Mice were trained to avoid electric shocks by means of step-down type passive avoidance learning tasks, and memory retention was measured 24 h after the training session. Memory impairment (
amnesia) was produced by administering either
p-chloroamphetamine (PCA), a
serotonin (5-HT) releaser or
scopolamine (SCOP), a
muscarinic cholinoceptor antagonist, 30 min prior to the training session.
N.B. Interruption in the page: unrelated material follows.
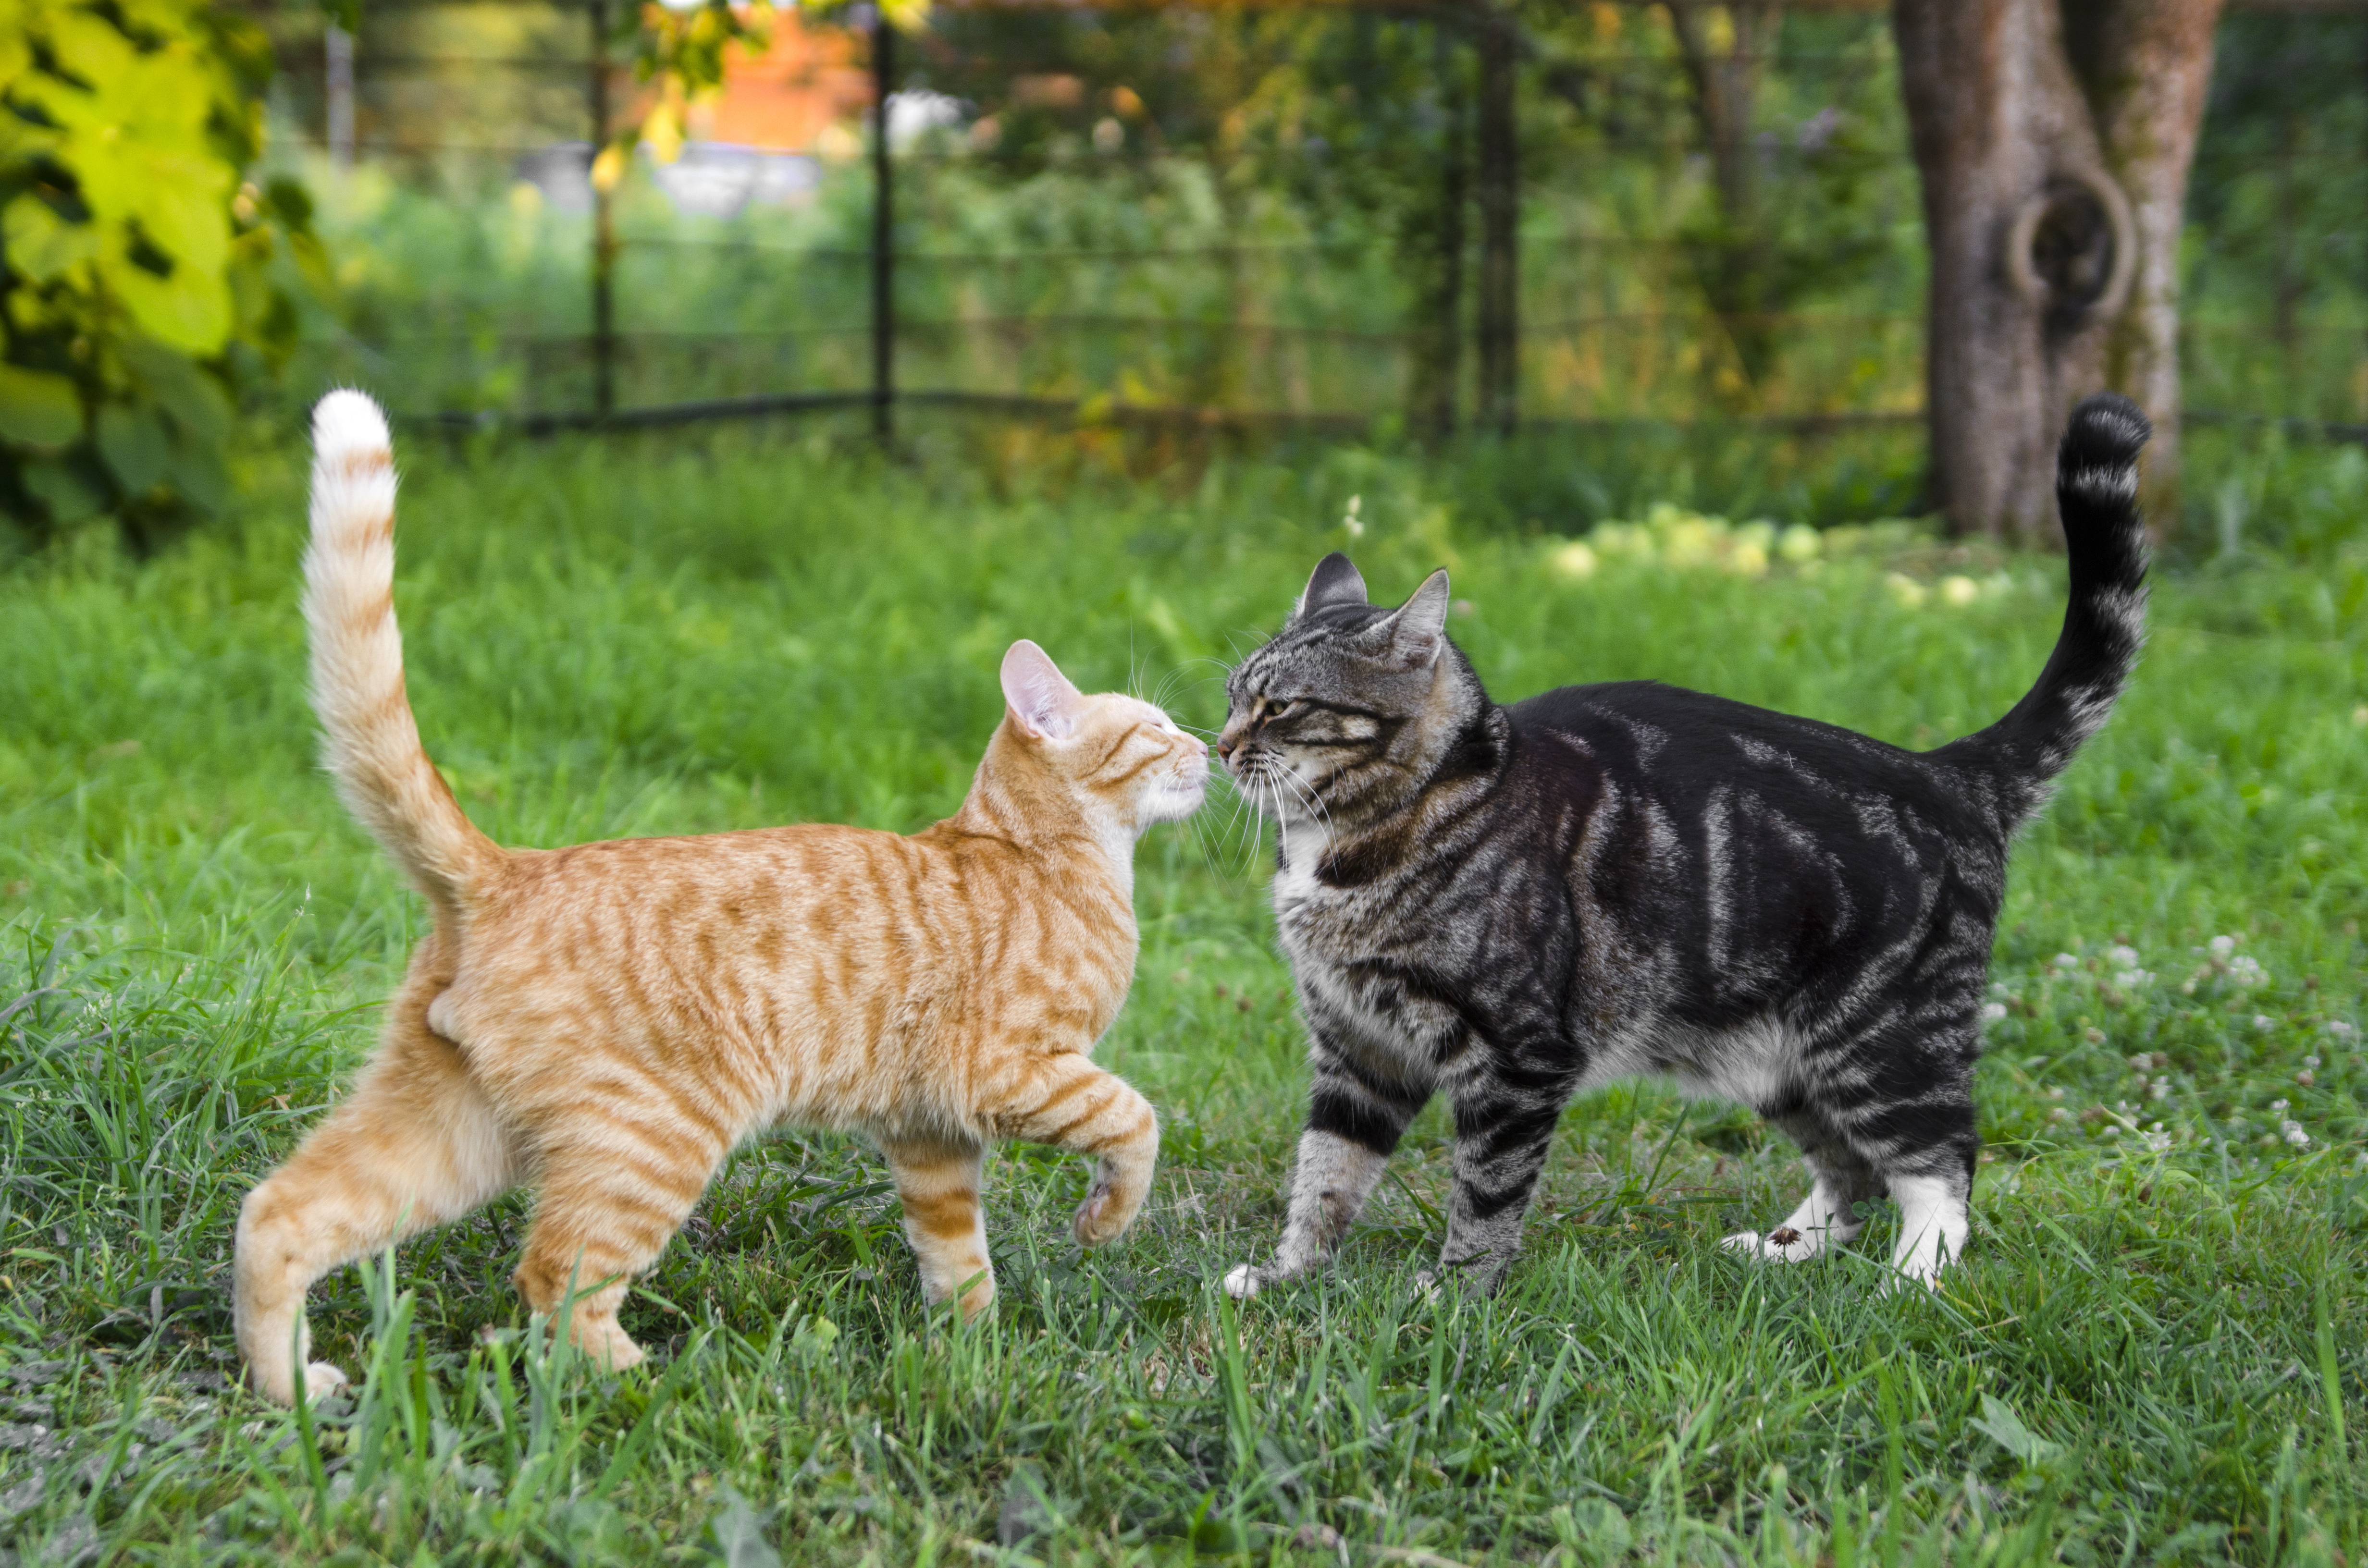 nevel grot Handel Katten of kittens bij elkaar zetten - Tips voor een nieuwe bewoner | zooplus

Benzomorphans, 5-HT2 antagonists and
acetylcholinesterase (AChE) inhibitors were administered immediately after the training session. PCA- but not SCOP-induced
amnesia was attenuated by the post-training administration of two
benzomorphans, (+)
N-allylnormetazocine ((+)SKF-10,047) and (+/- )
pentazocine ((+/- )PTZ). Similarly, PCA-induced
amnesia was reversed by the post-training administration of 5-HT2 antagonists,
ritanserin (RIT) and
mianserin (MIA), but SCOP-induced
amnesia was not. However, the AChE inhibitors,
tetrahydroaminoacridine (THA) and
physostigmine (PHY) attenuated both PCA- and SCOP-induced
amnesia when administered immediately after the training session. These results indicated that
benzomorphans and 5-HT2 antagonists have antiamnestic effects in mice, as do AChE inhibitors. In addition, it is interesting that the patterns of ameliorating effect of
benzomorphans were similar to those of 5-HT2 antagonists, which differ from those of AChE inhibitors.